Determining coefficient of kinetic friction help

[riseofphoenix]

A 3.40 kg block is pushed along the ceiling with a constant applied force of 85.0 N that acts at an angle of 55.0° with the horizontal, as in the figure below. The block accelerates to the right at 6.00 m/s². Determine the coefficient of kinetic friction between block and ceiling.

Ugghhh so... this is what I did...

F = 85.0 N
m = 3.40 kg
a = 6.00 m/s²
f_k = μ_kn

1) Forces in the x-direction:
F cos θ
f_k (kinetic friction)

Forces in the y-direction:
F sin θ
n (normal force)

2) Sum of forces

ƩF_x = F cos θ + f_k = 0
ƩF_y = F sin θ + n = 0
ƩF_y = F sin θ + n = 0
ƩF_y = n = -F sin θ

3) ƩF_x = F cos θ + μ_kn = 0
3) ƩF_x = F cos θ + μ_k(-F sin θ) = 0
3) ƩF_x = F cos θ + μ_k(-F sin θ) = 0
3) ƩF_x = 85 cos 55 - μ_k(85 sin 55) = 0
3) ƩF_x = 85 cos 55 = μ_k(85 sin 55)
3) ƩF_x = (85 cos 55)/(85 sin 55) = μ_k
3) ƩF_x = 0.700 = μ_k

So I got this wrong, the answer is actually 0.781 (?)

I don't know what to do!

 

[azizlwl]

A 3.40 kg block is pushed along the ceiling with a constant applied force of 85.0 N that acts at an angle of 55.0° with the horizontal, as in the figure below.

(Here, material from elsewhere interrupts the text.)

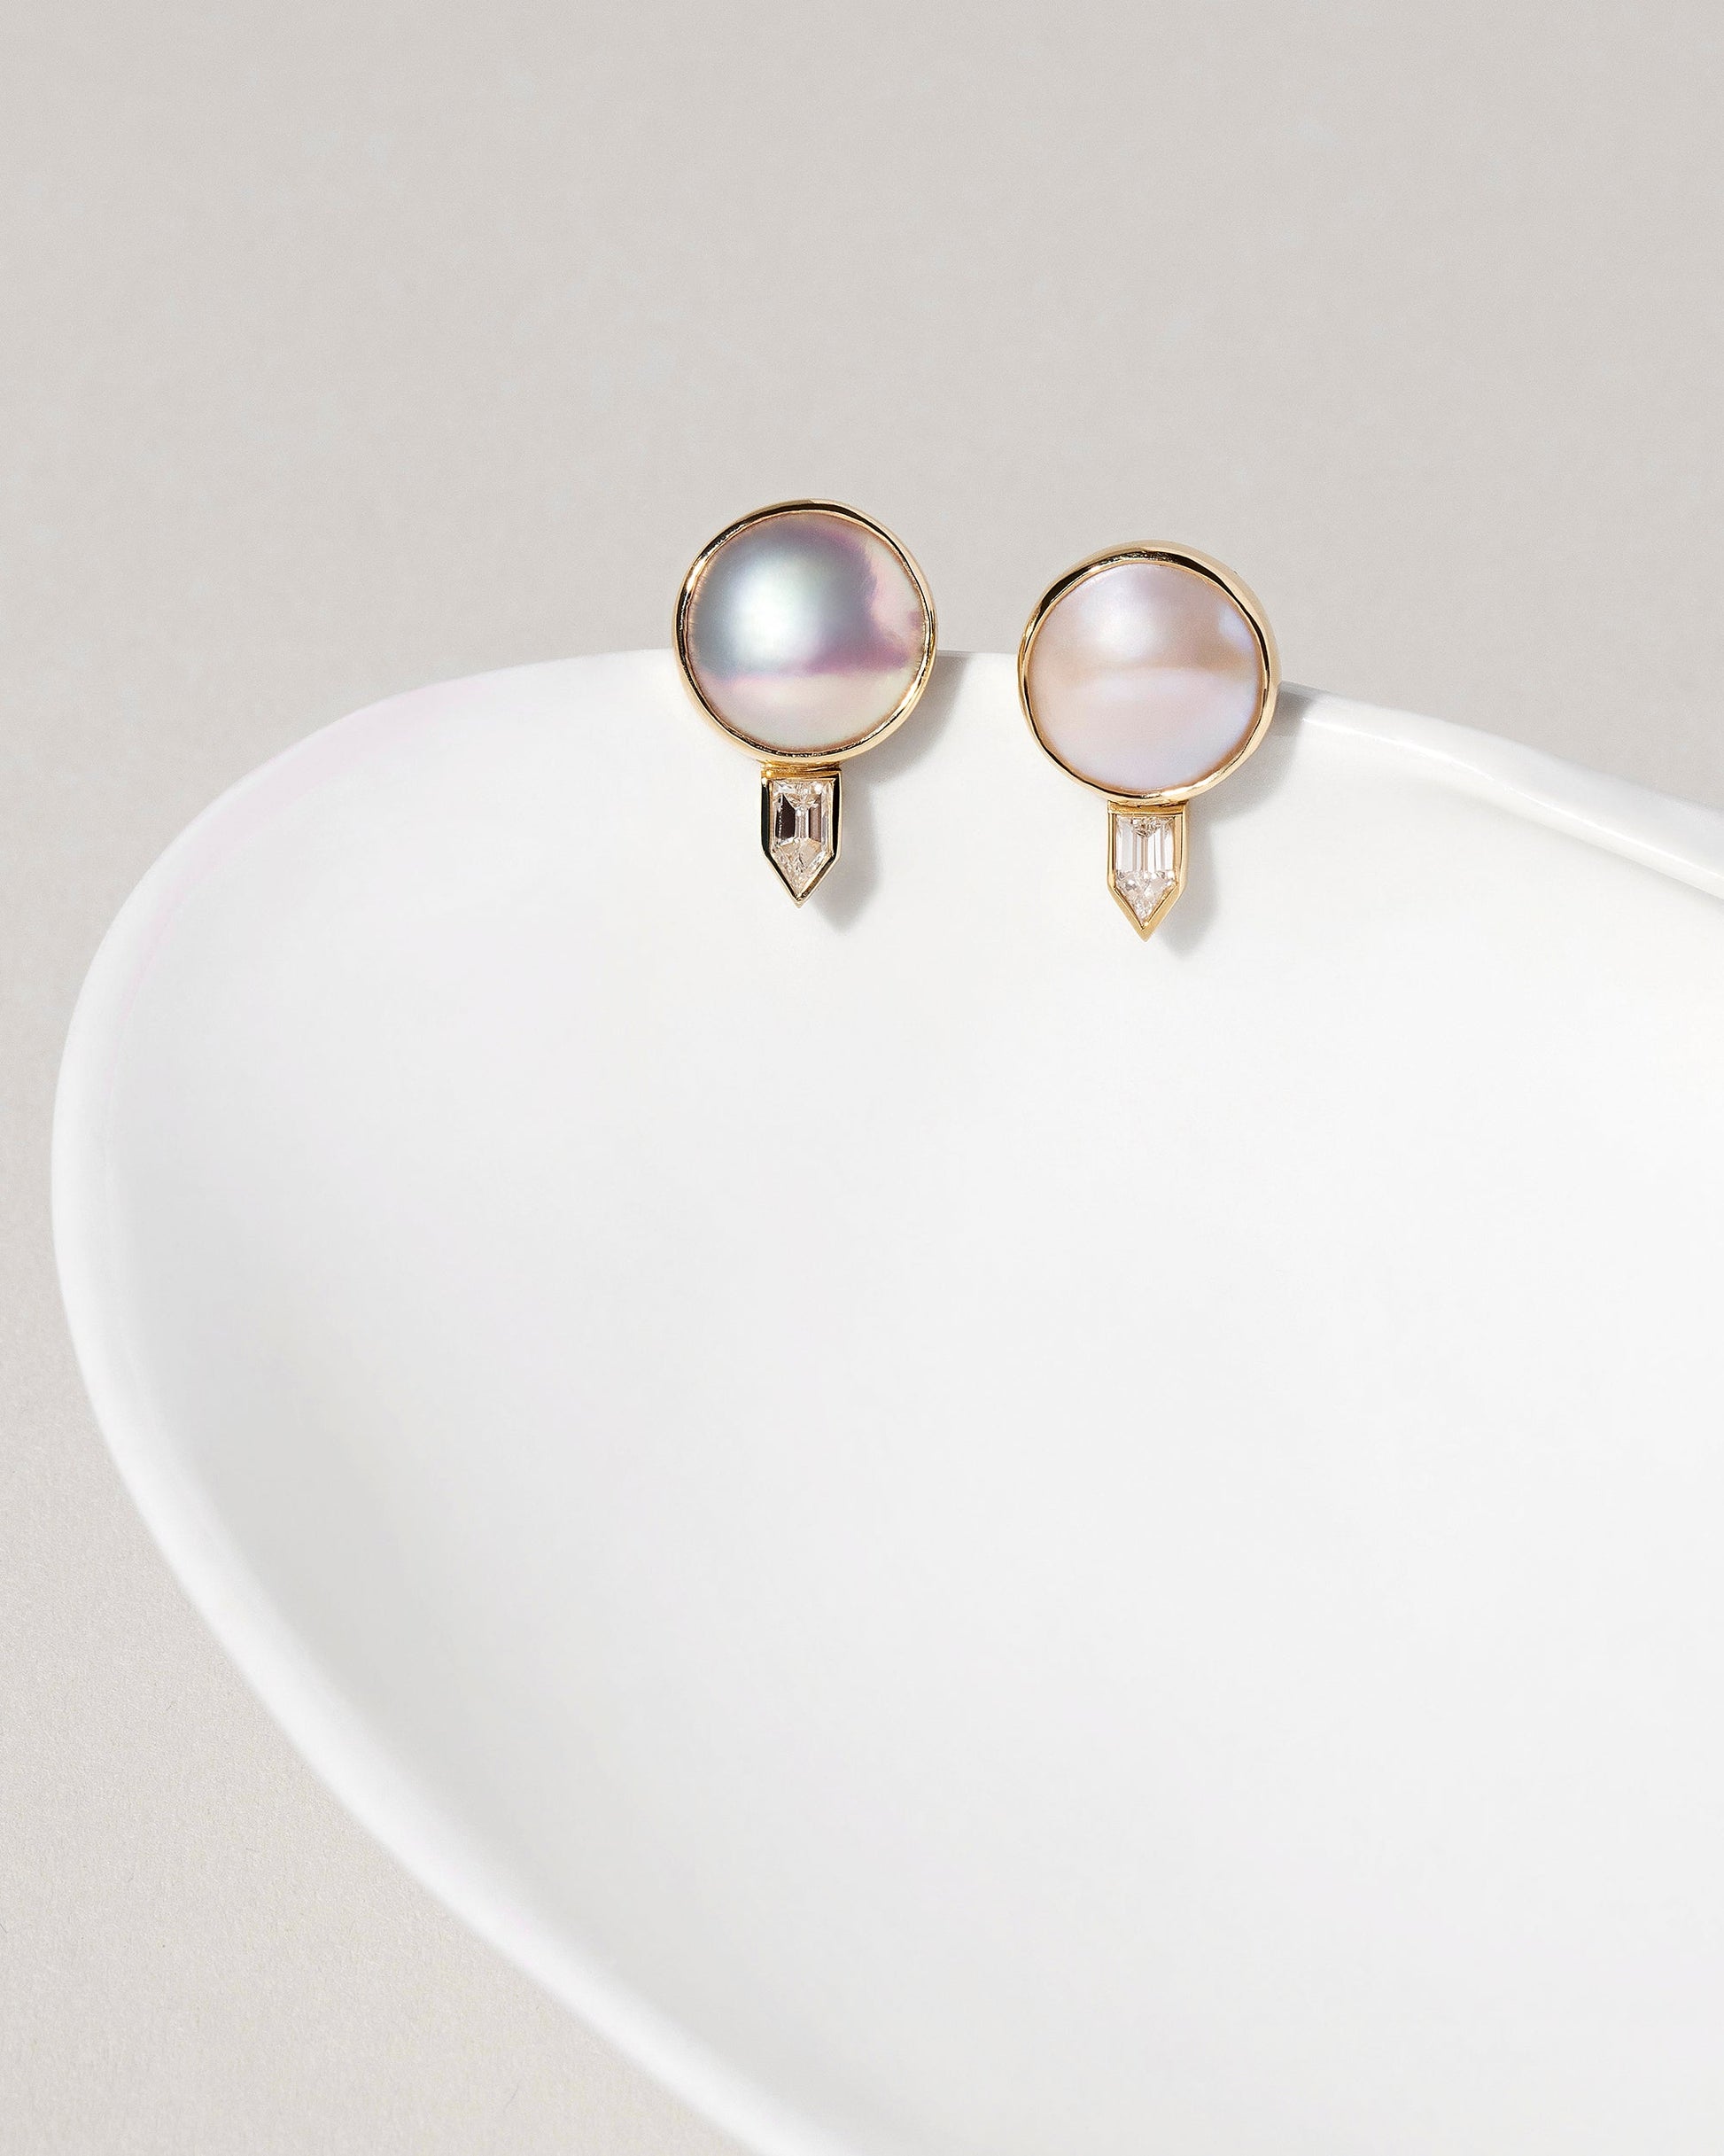  Mabe Pearl & Diamond Earrings on light color background.
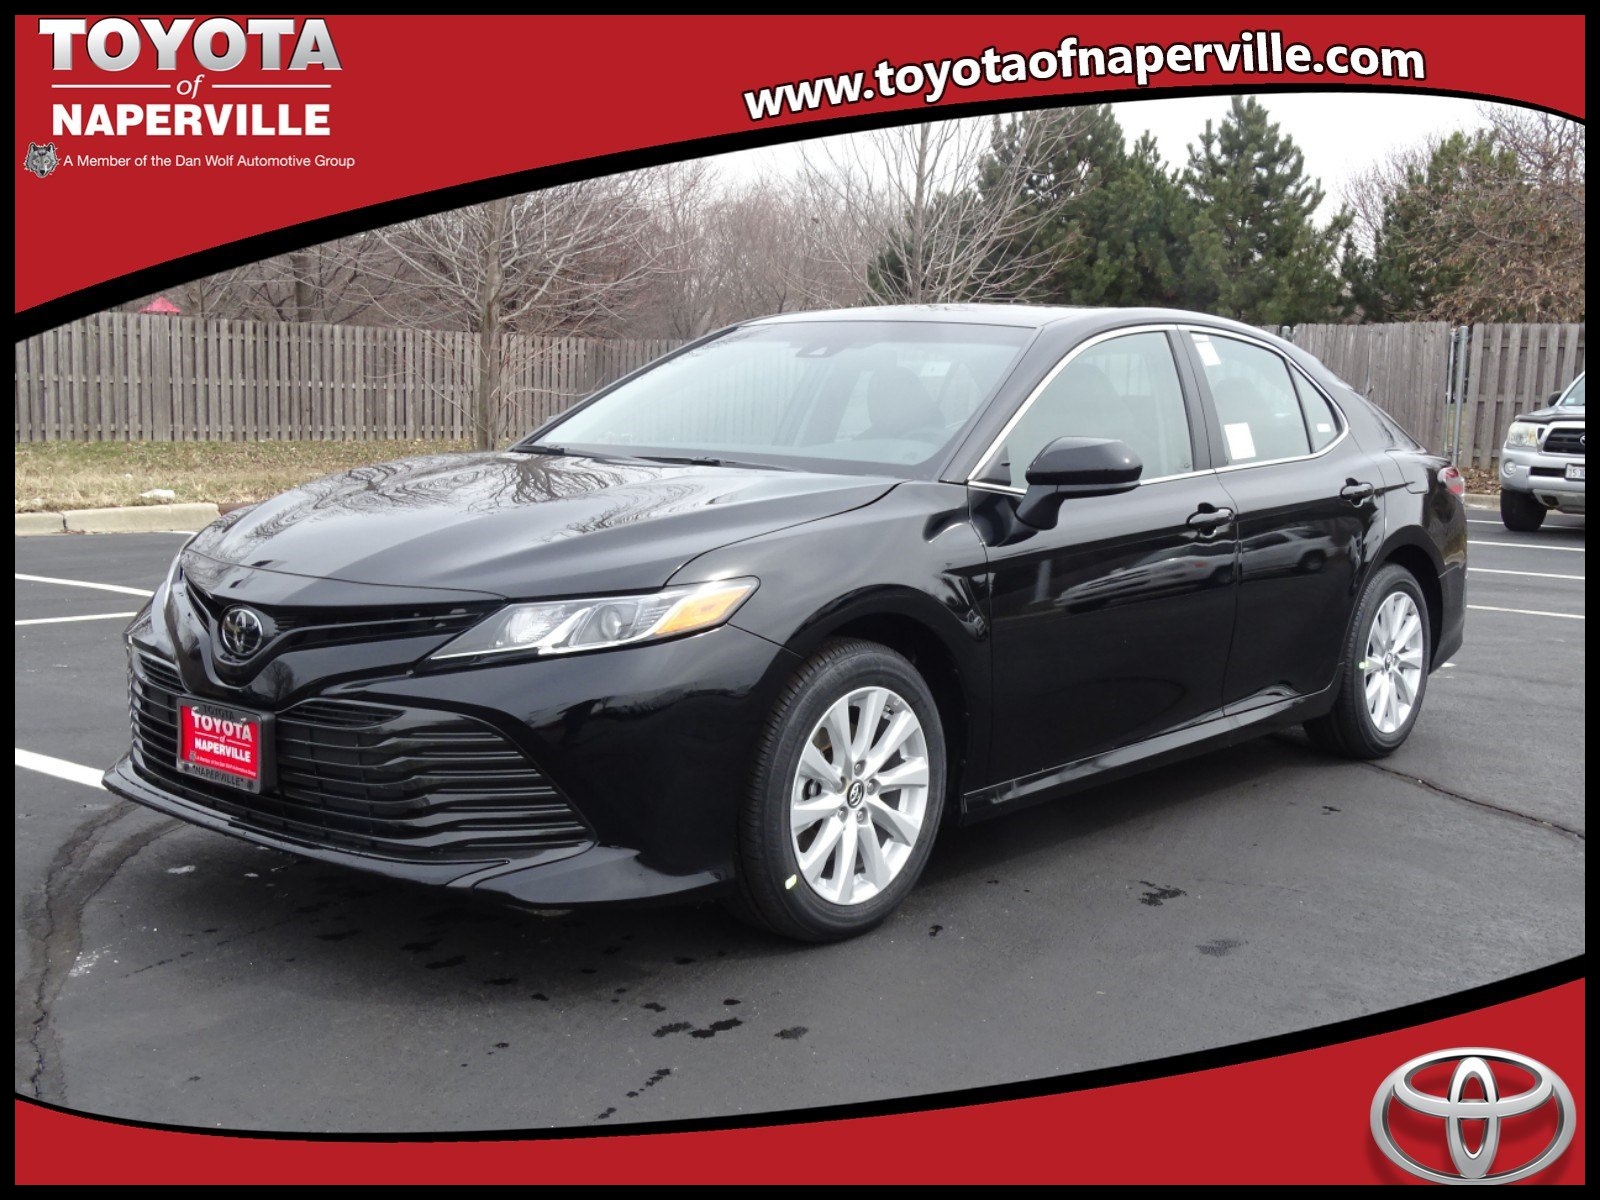 2018 toyota Camry Se Lease Specials Beautiful Awesome 2018 toyota Camry Se Lease Specials

The block accelerates to the right at 6.00 m/s2. Determine the coefficient of kinetic friction between block and ceiling
-----------------------
It is accelerating, net Fx not zero.
The force applied is pressing the block to the ceiling. The weight is pulling it away.
I got this value - 0.78093138

 

[riseofphoenix]

A 3.40 kg block is pushed along the ceiling with a constant applied force of 85.0 N that acts at an angle of 55.0° with the horizontal, as in the figure below. The block accelerates to the right at 6.00 m/s2. Determine the coefficient of kinetic friction between block and ceiling
-----------------------
It is accelerating, net Fx not zero.
The force applied is pressing the block to the ceiling. The weight is pulling it away.
I got this value - 0.78093138

So is it supposed to be this?

ƩFx = F cos θ + μ_kn = 6

85 cos 55 + μ_k(-85 sin 55) = 6
85 cos 55 - μ_k(85 sin 55) = 6
85 cos 55 = 6 + μ_k(85 sin 55)
48.75 - 6 = 69.62μ_k
42.75/69.62 = μ_k
0.614 = μ_k

-____-

I didn't get that answer!
Can you please show me what you did?

 

[riseofphoenix]

Force of kinetic friction:
f_k = μ_kn

Horizontal force of acceleration in the x-direction/Value of the bottom leg of the triangle:
F_{acceleration-x} = F_a(cos θ)
F_{acceleration-x} = 85(cos 55)
F_{acceleration-x} = 48.75 N

Normal force n (value of the upright, vertical leg of the triangle):
n = F_{acceleration-y}(sin θ) + mg
n = 85(sin 55) + (3.40 kg)(6.00 m/s²)
n = 69.62 + 20.4
n = 90.02 N

f_k = μ_kn
48.75 = μ_k(90.02)
48.75/90.02 = μ_k
0.541 = μ_k

aksjflkjadsfjds -____-
Help?

 

[riseofphoenix]

A 3.40 kg block is pushed along the ceiling with a constant applied force of 85.0 N that acts at an angle of 55.0° with the horizontal, as in the figure below. The block accelerates to the right at 6.00 m/s2. Determine the coefficient of kinetic friction between block and ceiling
-----------------------
It is accelerating, net Fx not zero.
The force applied is pressing the block to the ceiling. The weight is pulling it away.
I got this value - 0.78093138

You were completely wrong.
Net force doesn't equal 6.
Thanks for nothing.

 

[azizlwl]

You were completely wrong.
Net force doesn't equal 6.
Thanks for nothing.

I not sure whether you read the question.
I just copy and paste the original question you posted and just underlined it.

 

[azizlwl]

A 3.40 kg block is pushed along the ceiling with a constant applied force of 85.0 N that acts at an angle of 55.0° with the horizontal, as in the figure below. The block accelerates to the right at 6.00 m/s². Determine the coefficient of kinetic friction between block and ceiling.

Here your original question and i underlined it.